We've already got a good idea how he comes across one-on-one, or in interview situations--assuming he maintains the same demeanor he has in the past: wise, articulate, insightful. He can match and possibly beat Howard Dean on that score. And it's always hard to know how somebody will do on TV ads, but I'm betting he licks that one. (From what I've seen so far, Edwards blows everyone away on that score, Dean needs a bit of work, Kerry and Gephardt are hopeless as always. And Lieb, who are you kidding?)

The big questions are debates and out on the stump, rallying the troops to want to come home and work for him. Not an auspicious start on the rallies, and I have a feeling it will never be his strength. Oddly enough, I see a lot of paralells to Dean there, too. Dean seems weakest in front of large groups (from what I've seen). Doesn't really project to a crowd that size, seemed swallowed up by the NY crowd last month, but if you sat down and listened to him, the words continued striking home and he won the crowd over in spite of a few oratorical deficiencies. Clark, I expect, will have to shoot for the same effect. From what I saw today, and what I've seen before, he'll be wearker with the big crowds than Dean. He just doesn't have the command voice, ironically. And he doesn't project the anger that Dean does. He has a bit of the Kerry/Lieberman problem, saying he's angry at the Bush administration, but his body language shouting "Nice guy!"

Debates are a huge unknown. You would think he would acquit himself well, but it's a balancing act: he could hold back to much, or come off petty and shrill. There's really no telling till he gets there--and gets a few under his belt to get his style down.

The main thing, I think, will be to continue talking as straight as he has so far. It's the McCain appeal, the perot appeal, the Dean appeal: smart things to say, unafraid to say them, and none of the mind-numbing politician double-talk swallowing up the impact.

That approach was in full force today. That's his appeal, and that he has to hang onto. If he can keep hold of that and get just a little better at projection, debate well, and hit the right notes in his TV spots, he could give Howard Dean a good run for his money. If not, say hello to the Democratic nominee, Dr. Dean.
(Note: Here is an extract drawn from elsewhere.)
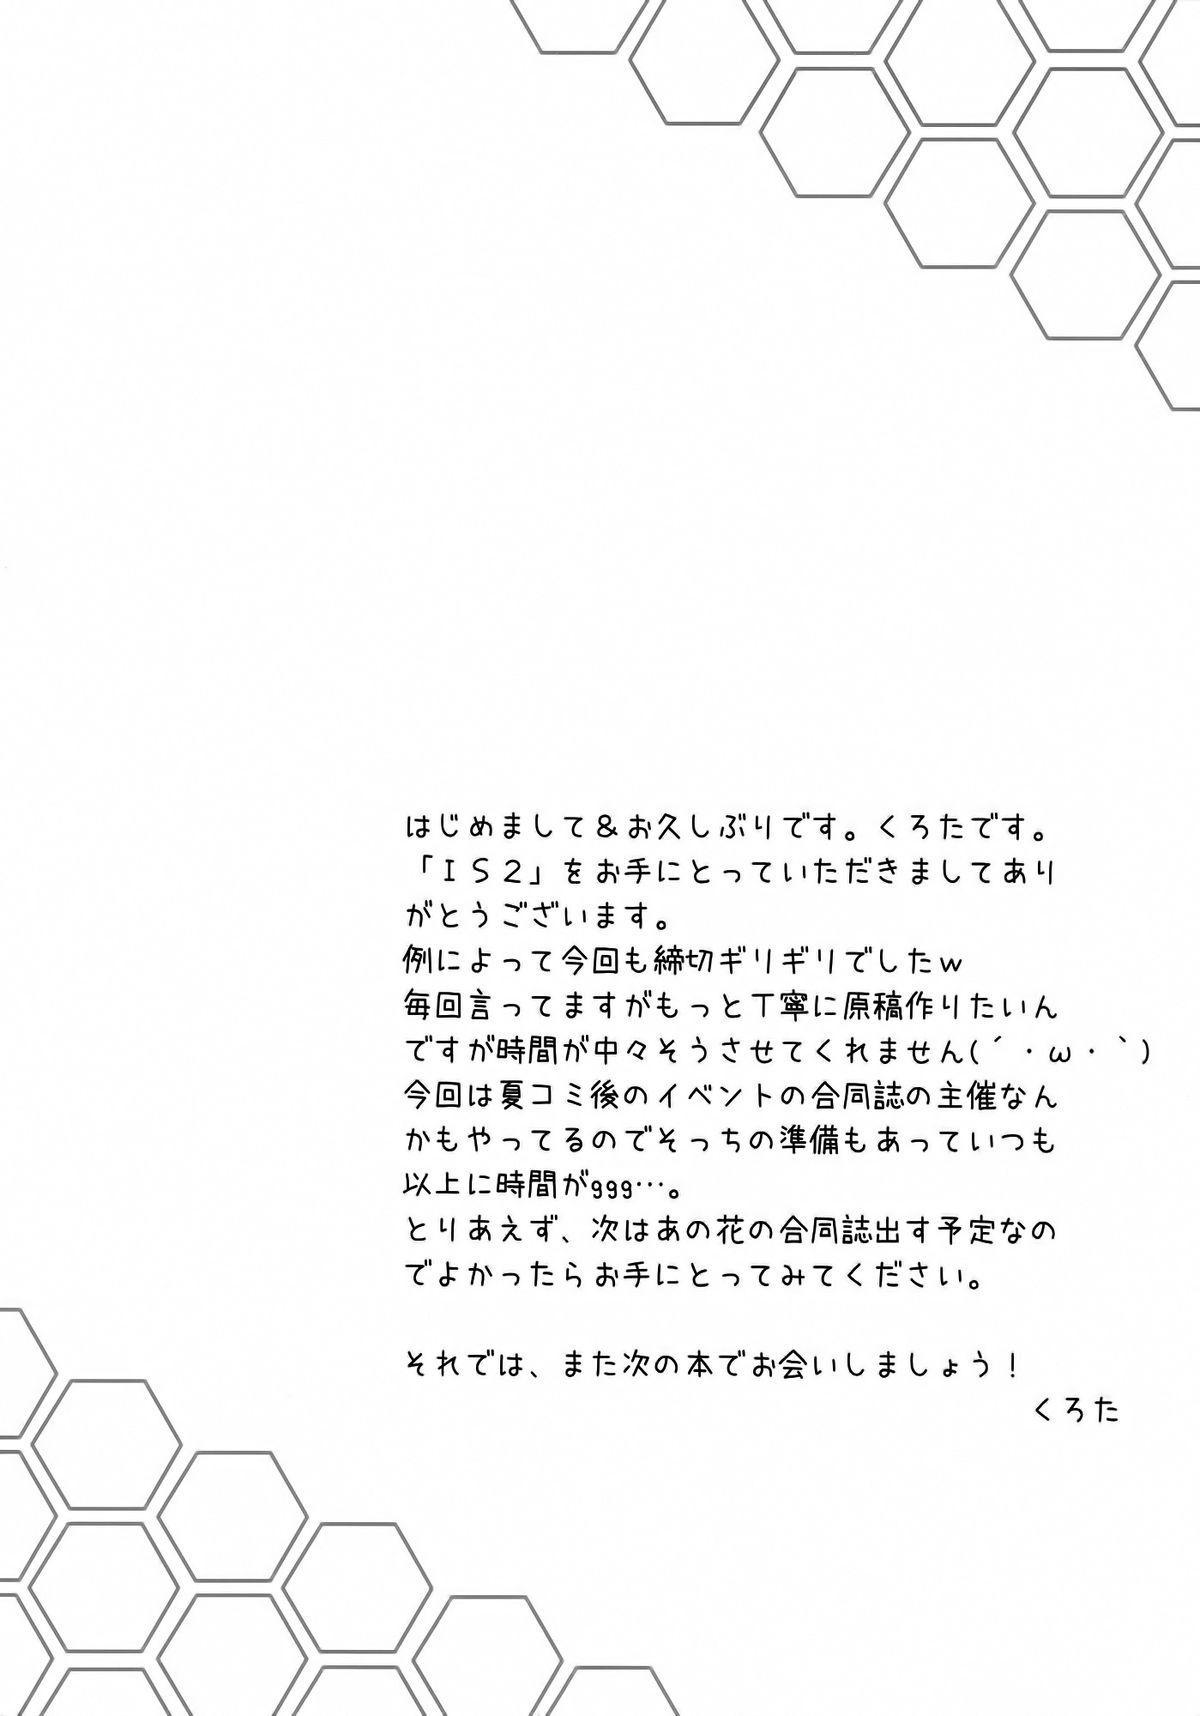 Ichika, Sekinin Torinasai! SECOND | Ichika, You Better Take Responsibility! Second 15

I'm not convinced either way, but I'm still cautiously optimistic he can pull it off. And I'm just overjoyed at the prospect of having two strong candidates in competition for the nomination.


Comment                     12:19:54 PM                      trackback []                     




Dean Corps

I wrote about this Dean Corps awhile back. I think it's a great idea for public service and for getting volunteers involved doing something. Whether it will really affect perceptions of a candidate in a big way, I'm pretty skeptical. But this Des Moines Register columnist says it's working. Stay tuned:

Howard Dean may well be the next president of the United States because of people like Eliot Williamson, Megan Scott, Sally Troxel and Dick Stater. They are part of something called the "Dean Corps" in Iowa, and they are taking politics back to the future by organizing campaign work around community-service projects.
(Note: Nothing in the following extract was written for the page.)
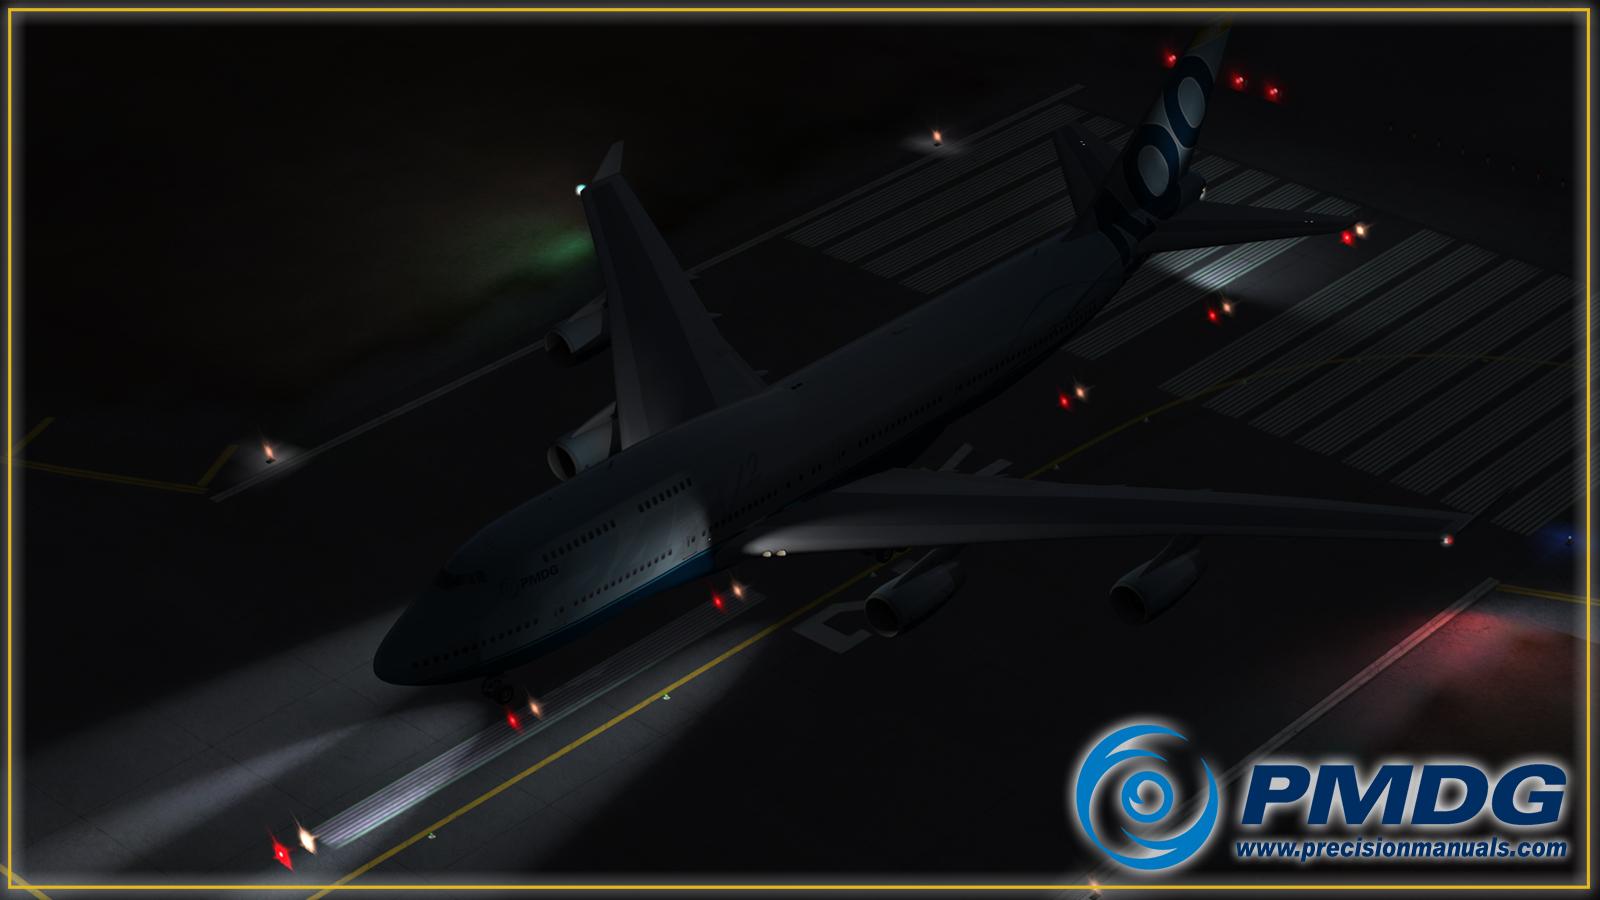 pmdg_744RR_nightlighting_1.jpg

The Democratic presidential hopeful has volunteers who are doing such things as collecting school supplies, participating in river clean-up efforts, building homes with Habitat for Humanity, collecting native prairie seeds for preservation, chopping firewood for a youth camp, banding birds and collecting supplies for food banks. It gives volunteers something to do besides make pestering phone calls to other Democrats, and it's having a big political payoff.